# Starter box wiring for jointer



## Faceman_ (Oct 24, 2013)

Recently I picked up an jointer which was wired with a 240v 2hp Dayton motor. Not wanting to just plug this guy in and having a disaster on my hands I checked the wiring in the on/off box and motor. The motor's wiring appears to be fine but the on/off box has me wondering why the ground was just floating uncapped in the on/off box, not something I feel comfortable with. I see a space that is green in the front of the box but I don't want to place the ground there without any knowledgeable advice.

Any ideas would be appreciated and yes I tried Googling first but did not come up with anything.










EDIT: About a year later I finally got around to wiring the jointer and it runs amazingly. This 120 year old machine will outlast me.

For the wiring, I grounded within the motor wiring casing to a screw and within the starter box pigtailed the grounds together.

I wasn't confident at first since the initial wiring threw me off but after running all new lines, smooth as silk.


----------



## MrUnix (May 18, 2012)

Best bet is to try and find the data sheet/installation guide for that starter… I believe Cutler Hammer is now part of Eaton, so you might look over there.

Kind of hard to tell from that picture if the green terminals up top are grounds, but it would be reasonable. Should be able to see what those are connected to, or you could verify by testing with a meter. You could also tie that ground to one of the screws/bolts holding the starter to the saw, which should be a good ground point as well.

Cheers,
Brad


----------



## Faceman_ (Oct 24, 2013)

> Best bet is to try and find the data sheet/installation guide for that starter… I believe Cutler Hammer is now part of Eaton, so you might look over there.


Mentioned before, tried, nothing for this exact one.

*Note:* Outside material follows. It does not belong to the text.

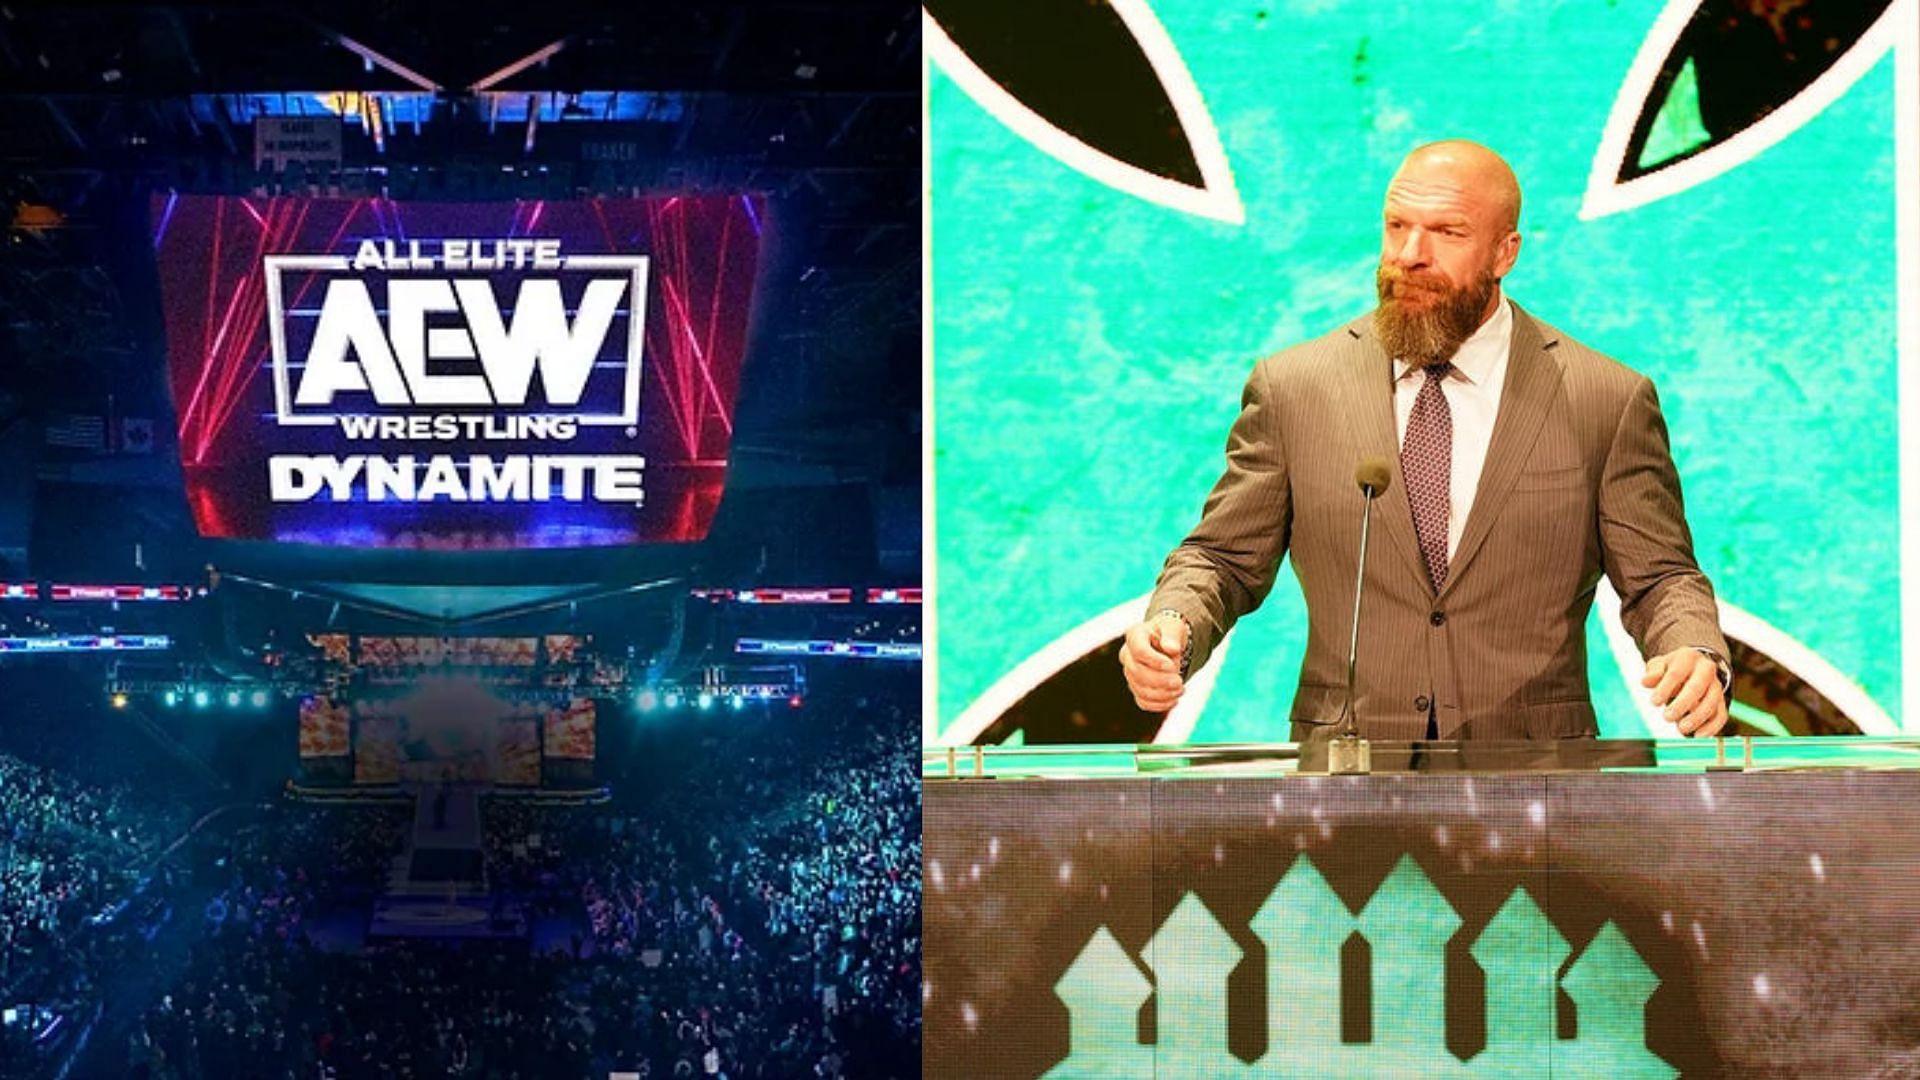 Triple H is the head of WWE creative at this time
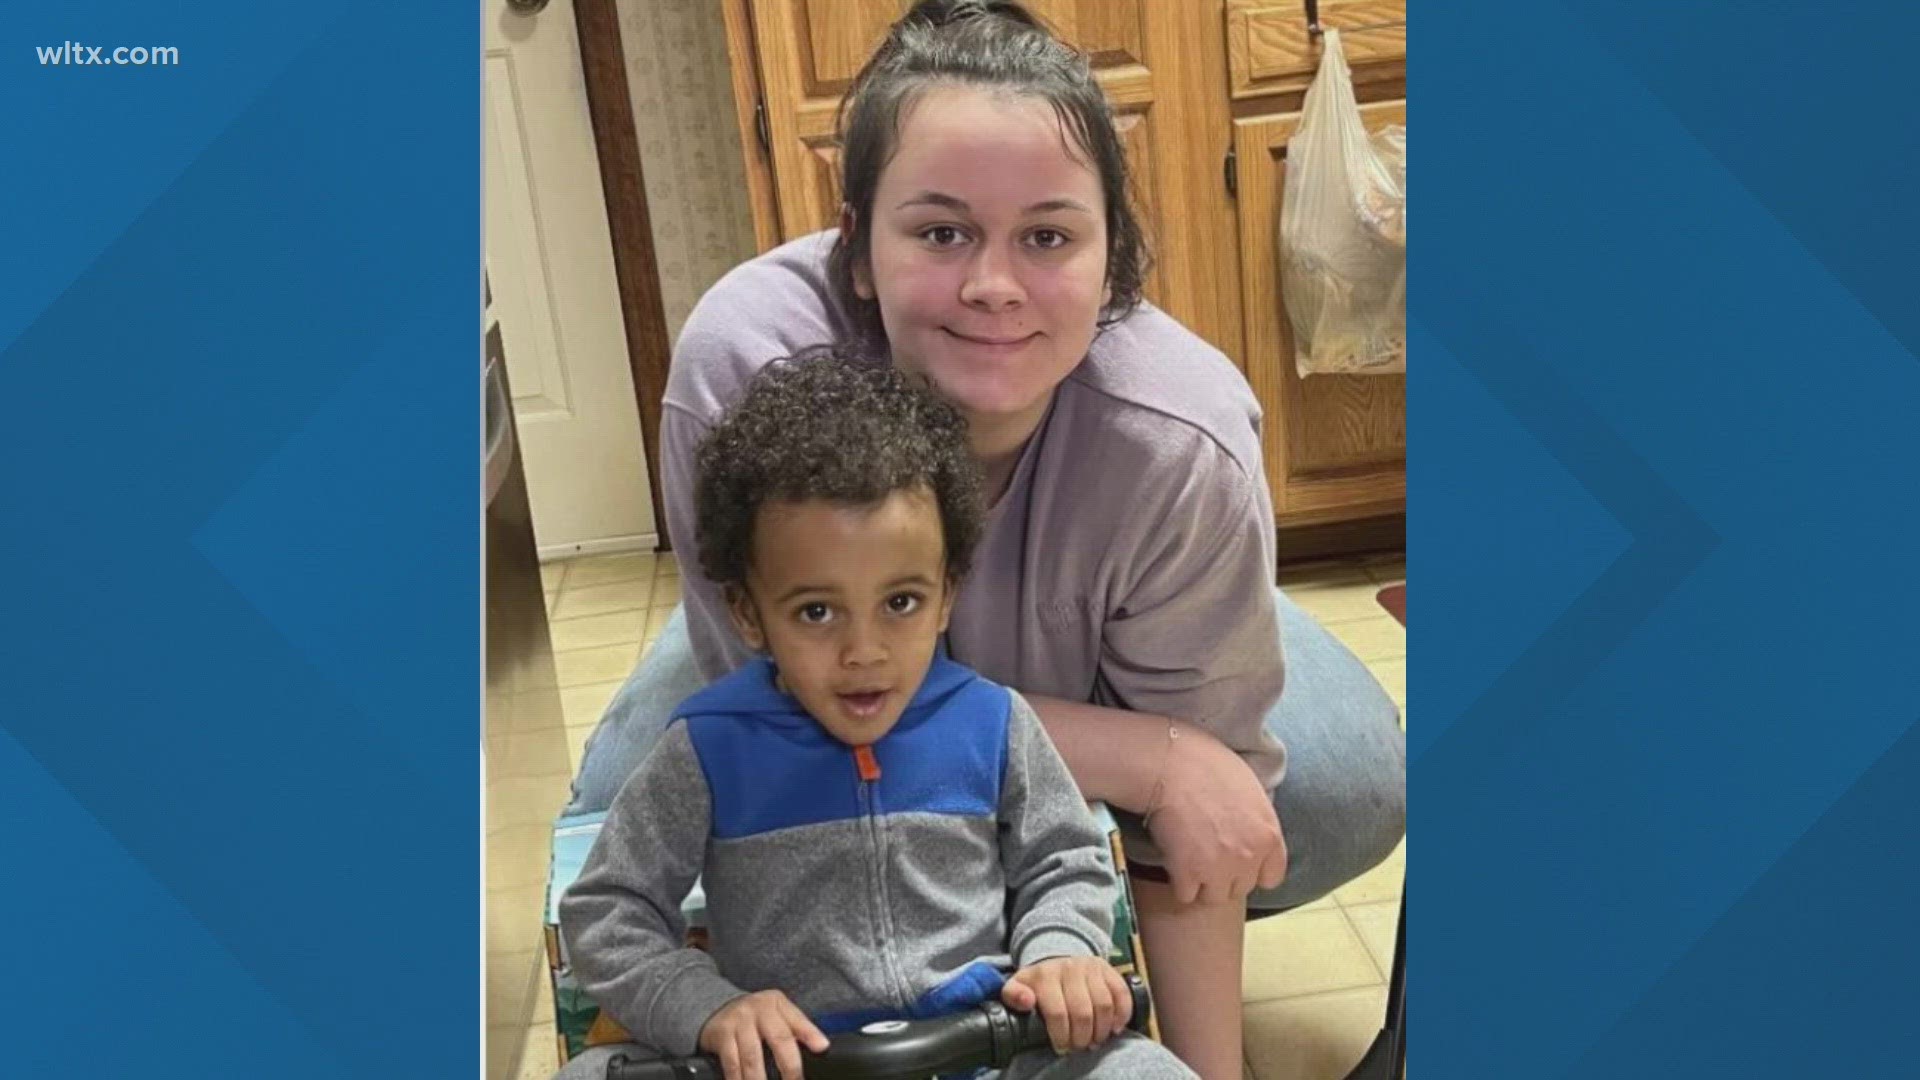 Sophia Van Dam, 20, and her 2-year-old son Matteo were reported missing in Sumter, South Carolina, in June 2023.

> You could also tie that ground to one of the screws/bolts holding the starter to the saw, which should be a good ground point as well.


I thought of that and if the jointer was 120v I would have. Being that the jointer is 240v, I'm not too keen on grounding to a giant cast iron base in case something goes wrong and you have a 1400lb block of electricity in front of you.

I showed the photo to an electrician friend and he believes these two highlighted screws are grounds. Now to check which wire is ground on the Dayton motor.


----------



## MrUnix (May 18, 2012)

> > You could also tie that ground to one of the screws/bolts holding the starter to the saw, which should be a good ground point as well.
> 
> 
> I thought of that and if the jointer was 120v I would have. Being that the jointer is 240v, I m not too keen on grounding to a giant cast iron base in case something goes wrong and you have a 1400lb block of electricity in front of you.


Nope… wouldn't happen. IF something goes wrong and your saw is grounded… any electricity that escapes will go directly to ground, not someone touching the saw. That is what the ground is for.

Cheers,
Brad

PS: The "1400lb block of electricity" could only happen if you DON'T ground the thing


----------



## TheFridge (May 1, 2014)

Those screws are to pull the starter apart. Definitely NOT for grounding.

Brad is right about grounding.

The ground screw on the cover is just for that. Grounding. Since the cover isnt secured to the enclosure by a screw into threads. It needs a pigtail.

Not much to grounding it. Ground from your cord into starter enclosure to a ring terminal under a screw. From same screw to green screw in motor j box.


----------



## Faceman_ (Oct 24, 2013)

> PS: The "1400lb block of electricity" could only happen if you DON T ground the thing


I've done electric work before and have ground to boxes but if there's a proper spot for the ground, I'd like to do it. Just the idea of this thing not being properly ground makes me imagine a Tesla coil in my garage with this huge block of old American industrial might.



> Those screws are to pull the starter apart. Definitely NOT for grounding.
> 
> 
> > I haven't had a chance to get out to the garage to check those screws, just going by what he said from the photo. He wires houses and Xray machines, funny how a starter is stumping both of us.
> ...


----------



## FancyShoes (Aug 31, 2014)

A lot of really old things didnt use grounds! You may have to just make something ground.


----------



## Faceman_ (Oct 24, 2013)

Apparently the starter box has a wiring diagram for a heat coil in it.

Here is the green bar:










Here is the photo wiring diagram for the motor:










I know all motors are not created equal but at least this one has a ground or it's just labeled clearly:


----------